> HOW TO COMPLETE THIS TASK
Exact transcription of the data below is required, without the images.

Top of DATASET EXCERPT

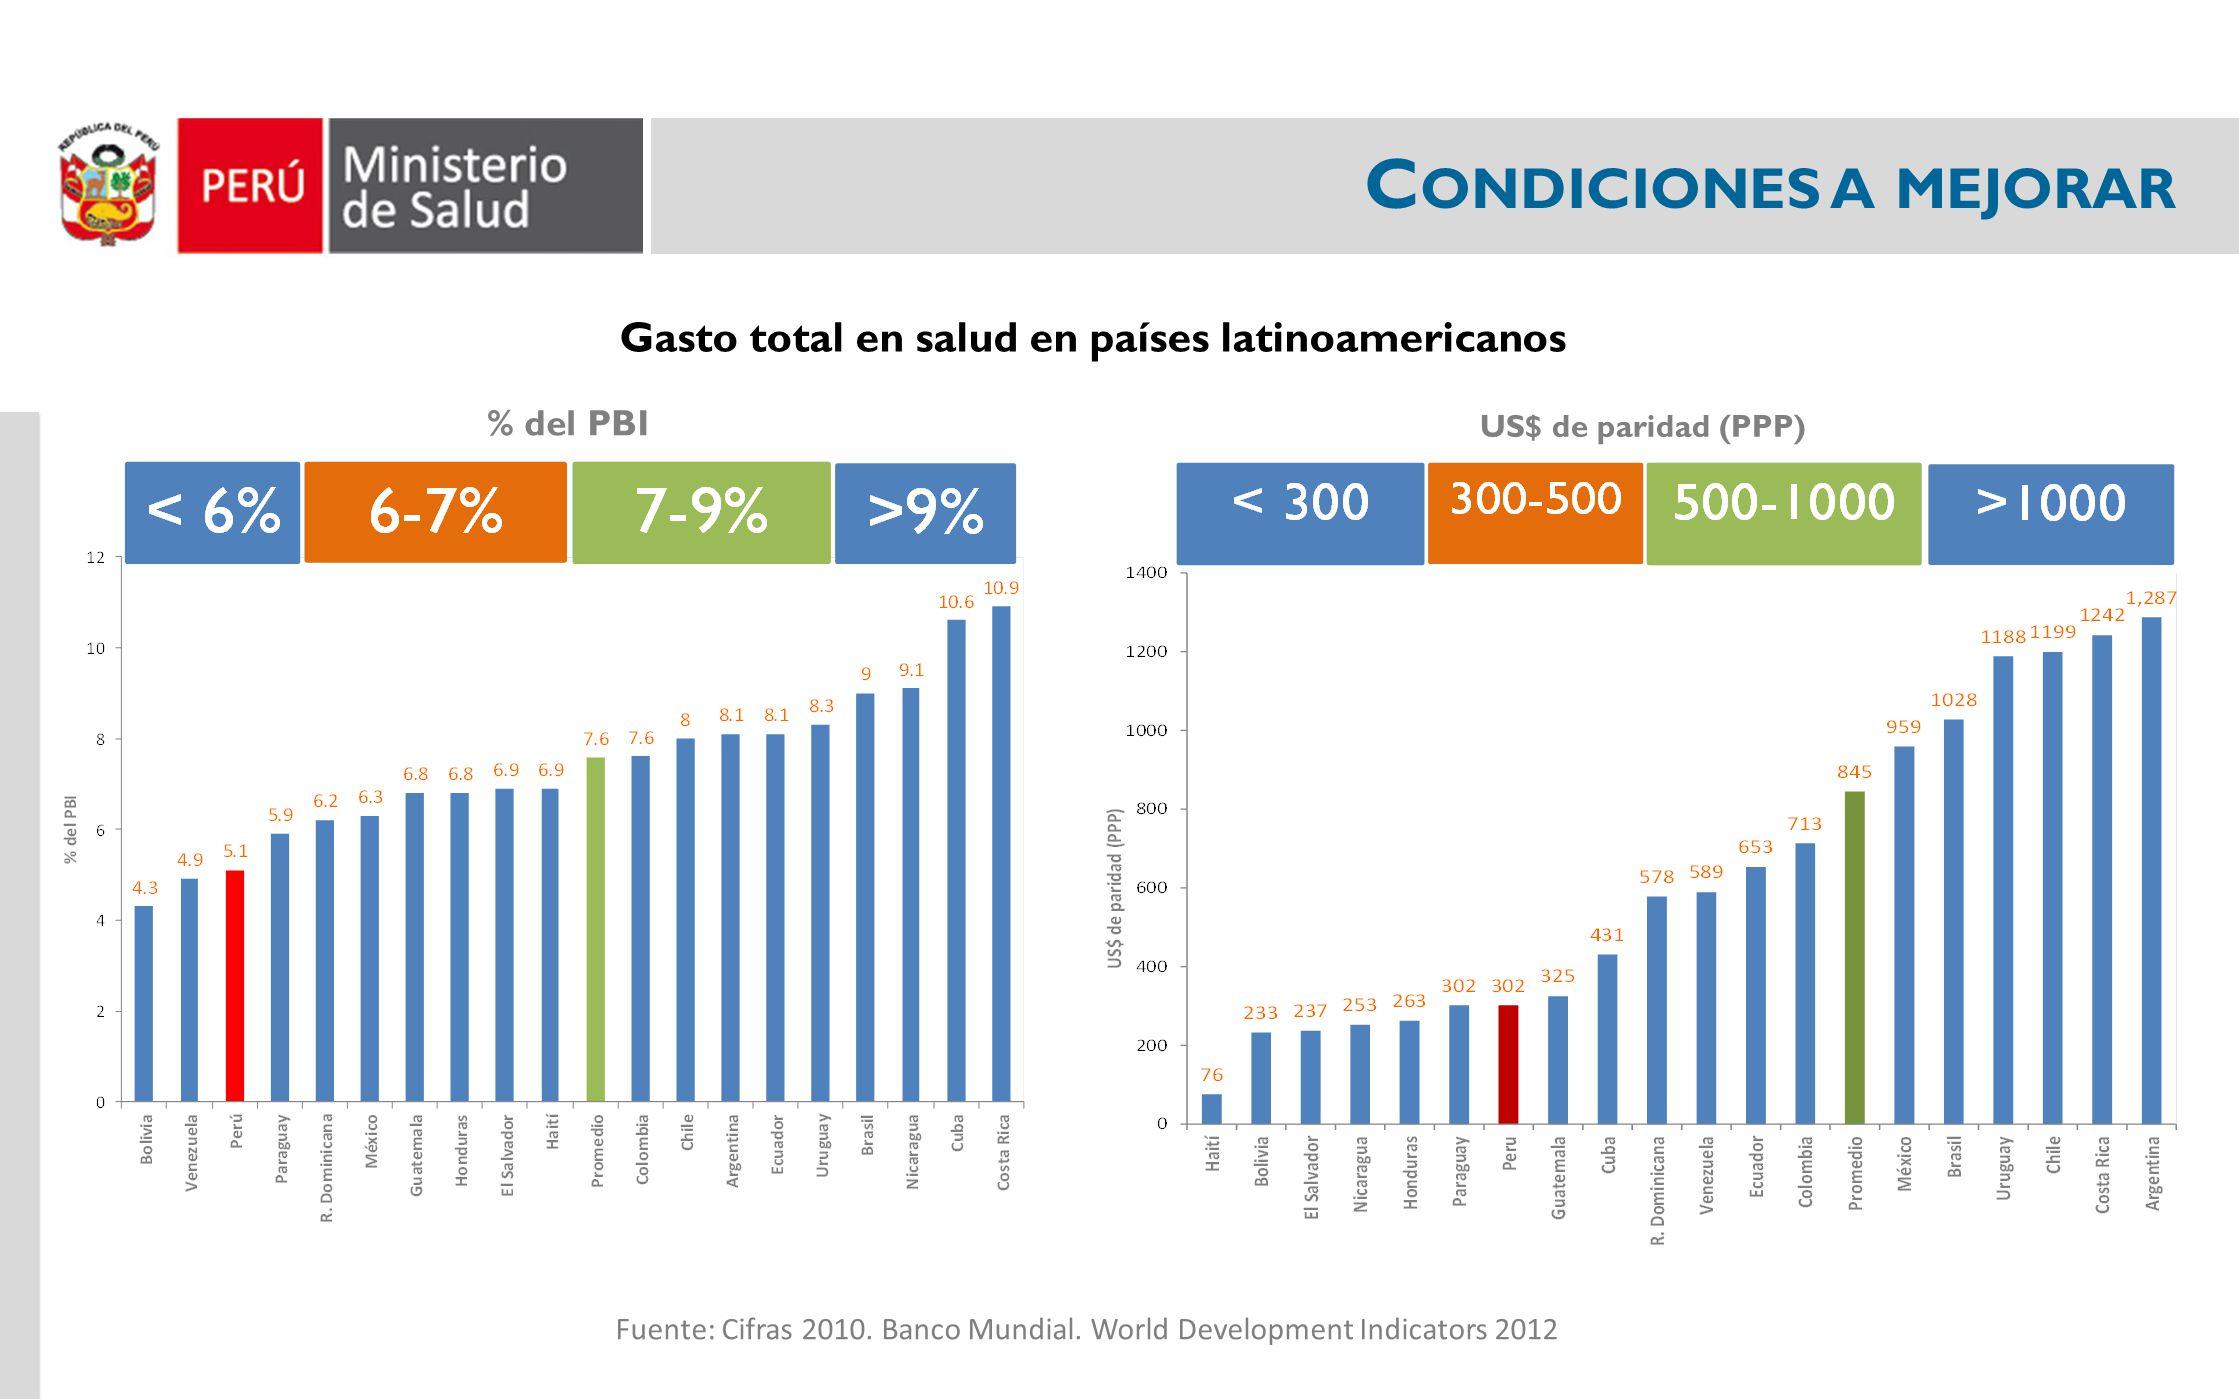 Gasto total en salud en países latinoamericanos
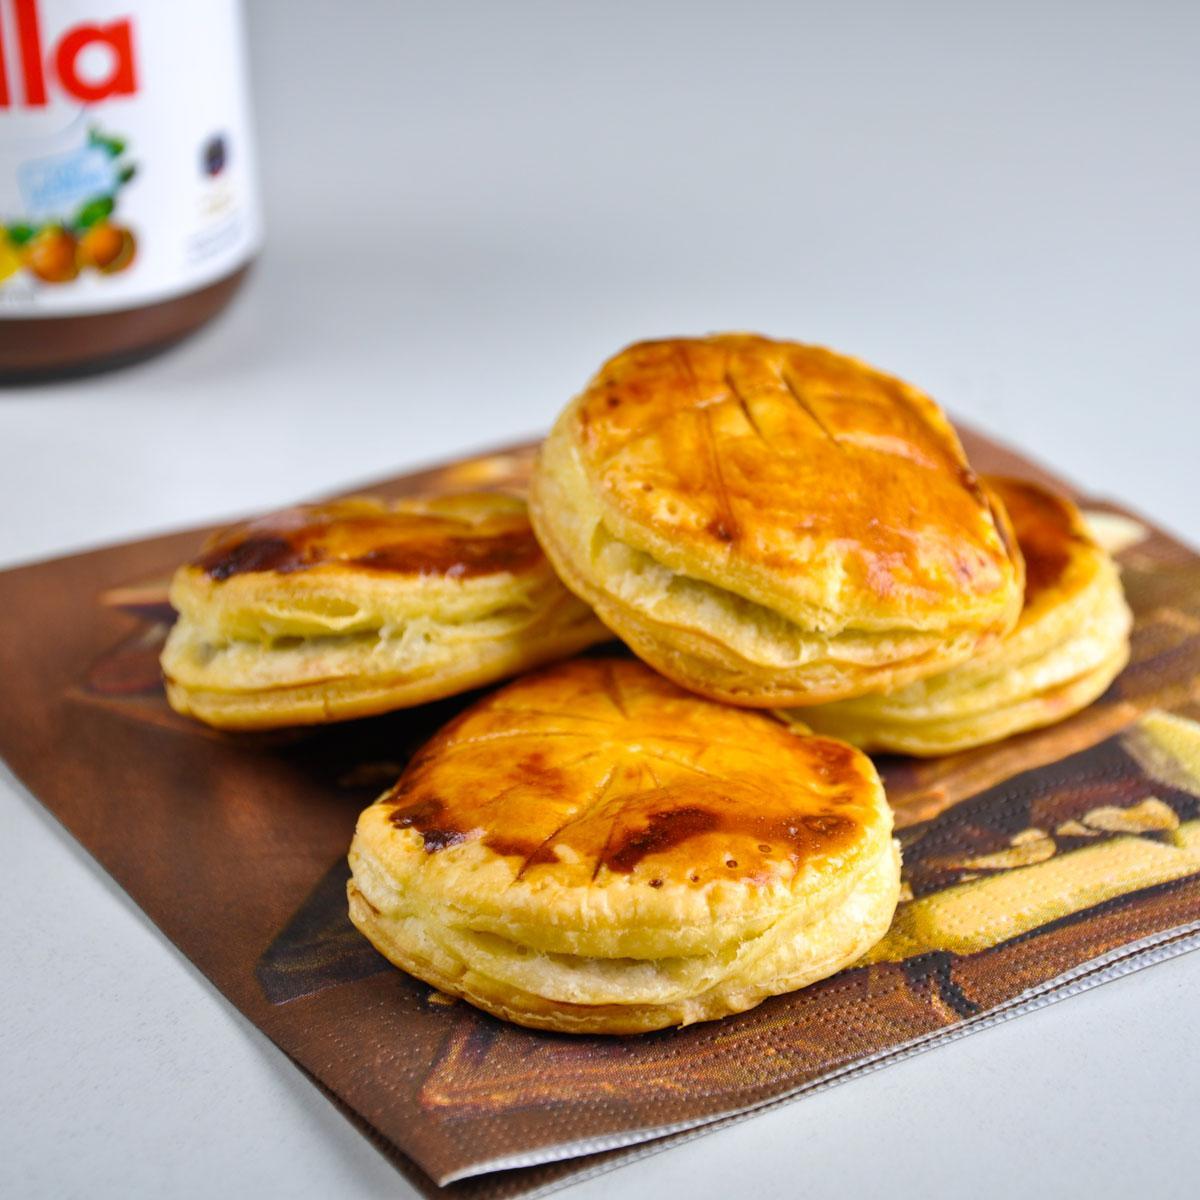 Recette feuillet s au nutella cuisine madame figaro - Madame figaro cuisine ...
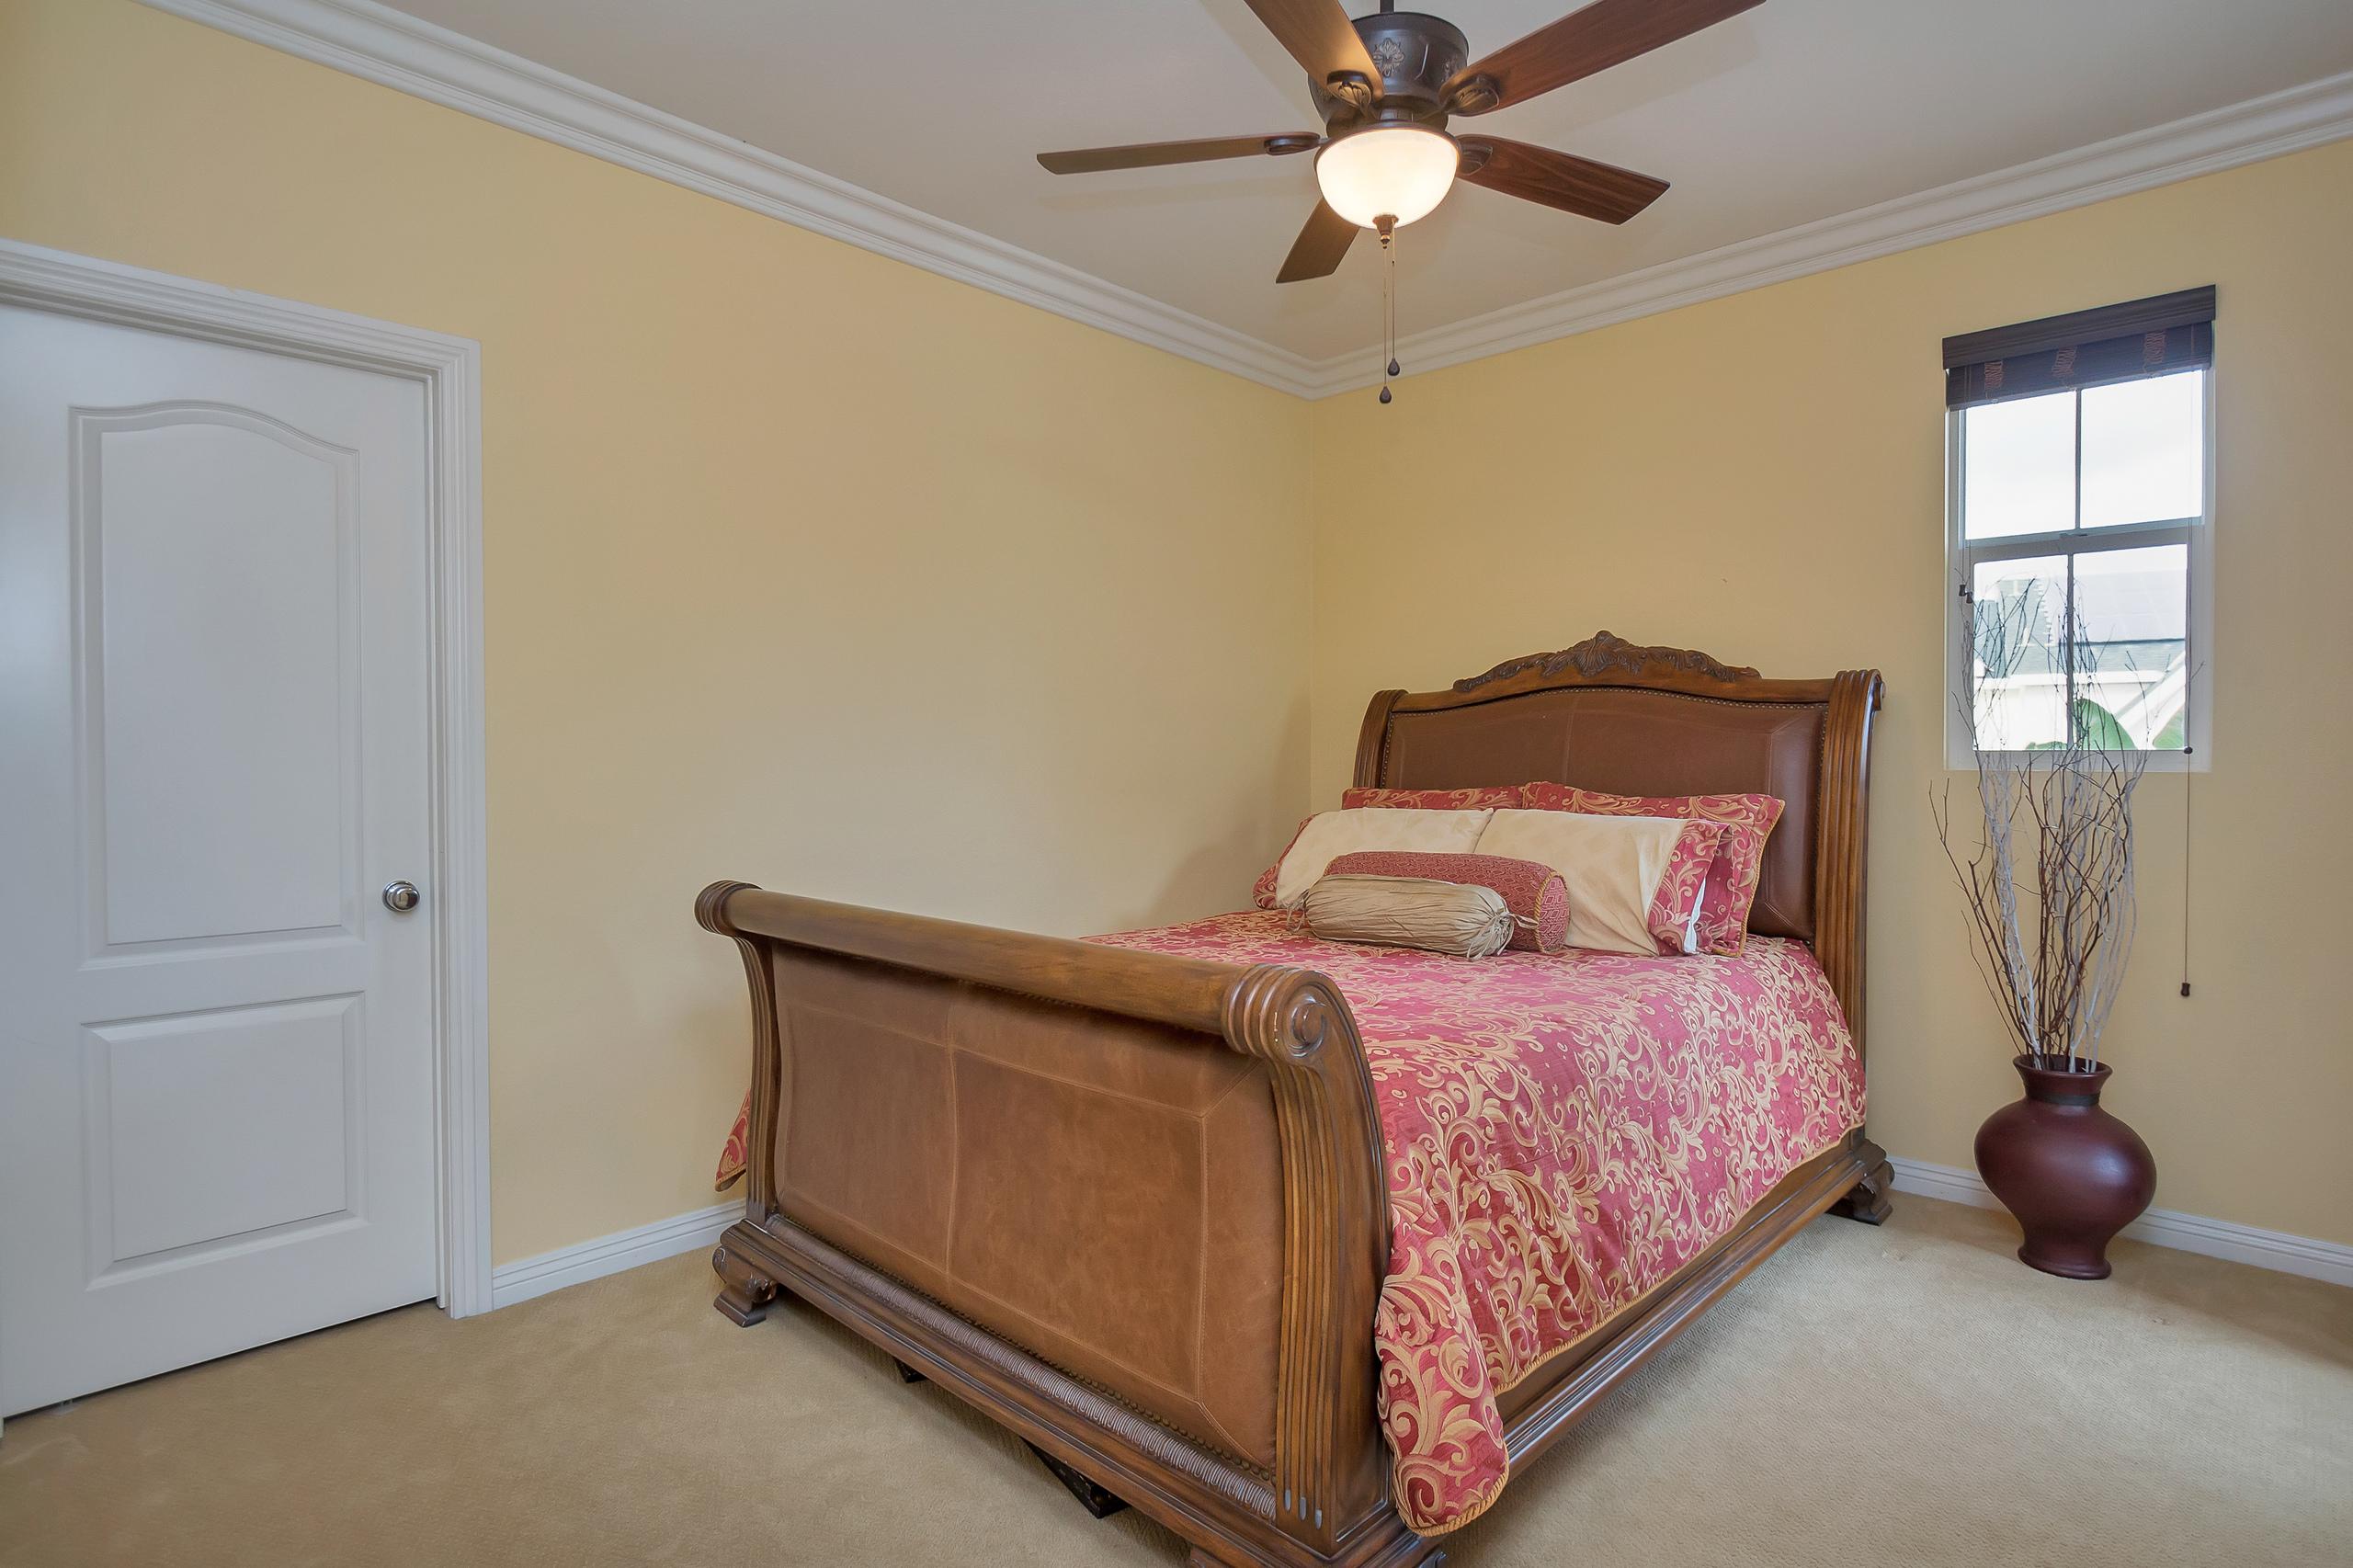 1106707-Bedroom_2

Bottom of DATASET EXCERPT

> EXPECTED ANSWER
 Gasto total en salud en países latinoamericanos
 Recette feuillet s au nutella cuisine madame figaro - Madame figaro cuisine ...
 1106707-Bedroom_2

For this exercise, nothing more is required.